Yes. Teachers in North America are not respected or paid as professionals. The typical university acceptance criteria to become a teacher is very low. The pay is rock bottom.
Great teachers exist too but generally teachers are not experts in anything, including teaching.
this place is filled with people who are motivated to learn for themselves which creates a huge sampling bias.
You will see this come up in all sorts of discussion and i find it enlightening as to how exactly the decisions behind modern software are made.
Too many here fail to realise that real life has all sorts of edge cases and exceptions, including bad teachers.
Claiming that most teachers aren't experts is just another example of this. One student learns more about one narrow topic and then dismisses the teacher's broader, but shallower knowledge as being that of a non-expert.

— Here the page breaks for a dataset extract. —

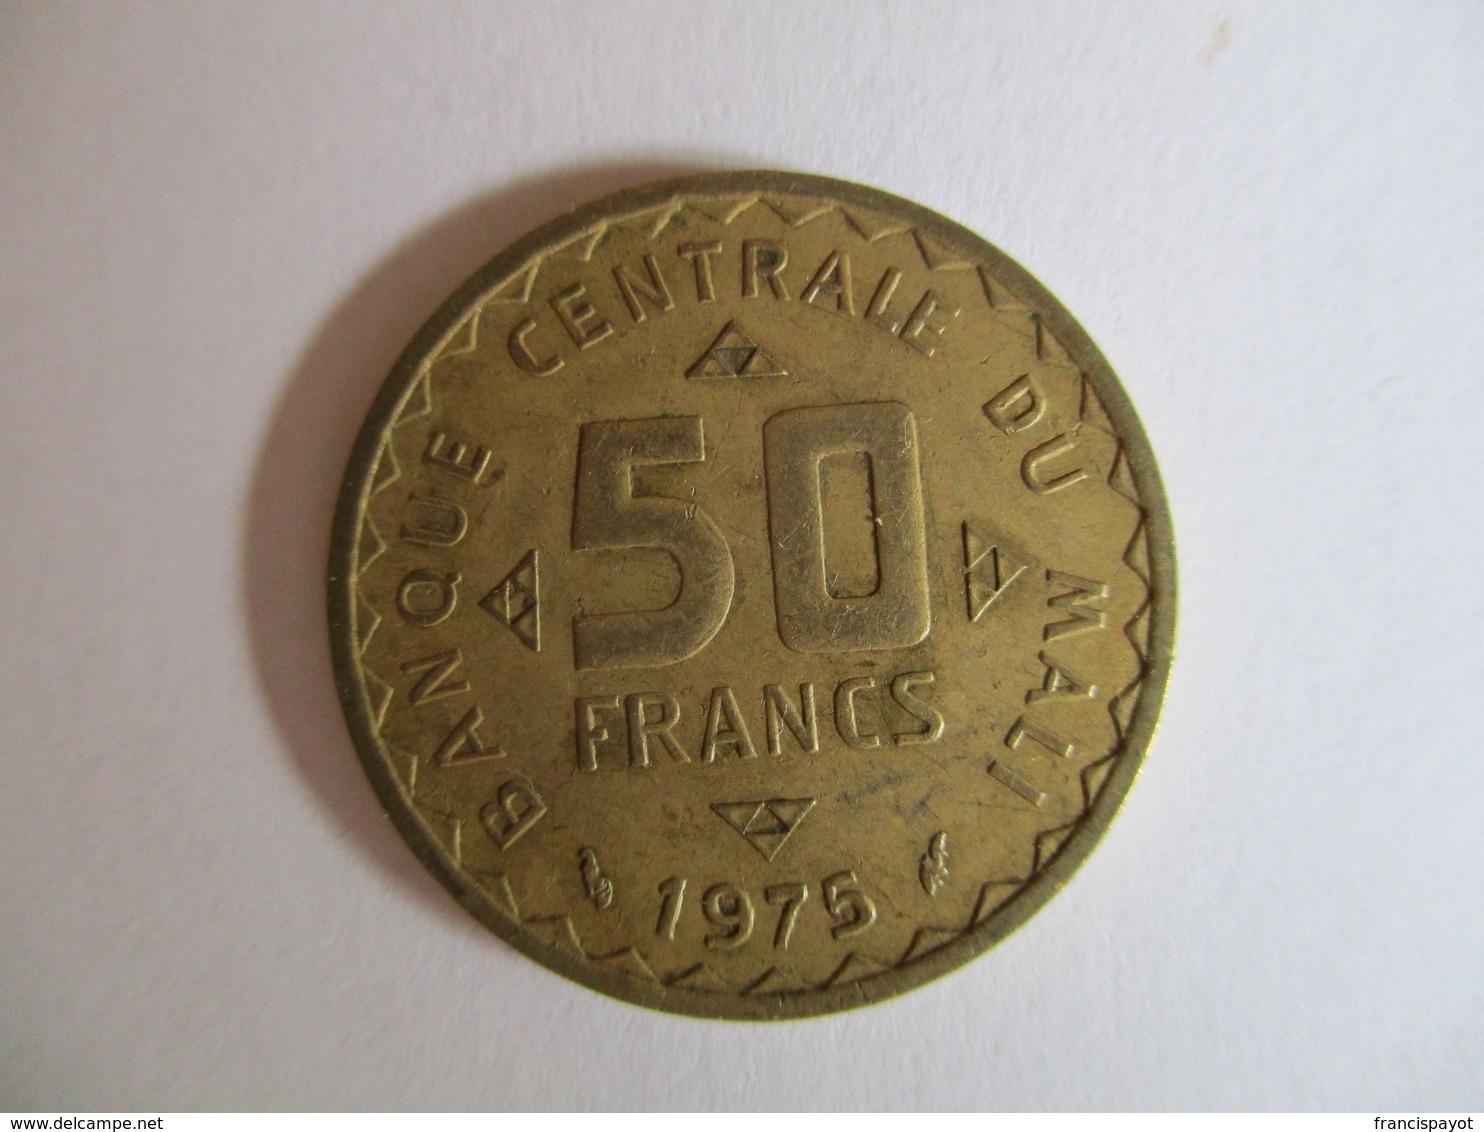 Mali: 50 Francs 1975 - Mali (1962-1984)

Typical of the general population, myself included.
> One student learns more about one narrow topic and then dismisses the teacher's broader, but shallower knowledge as being that of a non-expert.
Perhaps you're talking about me (I said teachers are generally not experts in anything). I was a teacher for a few years and got a master's degree in education. That doesn't mean I'm right but I don't think it's smart to dismiss people on the internet as "probably just some dismissive student with narrow expert knowledge". I don't think I'm "general population" on this subject.
Teaching in North America has low professional requirements and even lower pay. The profession gets almost no respect. As a result, experts in anything (including experts in education) are pushed out of the career because it's a shitshow.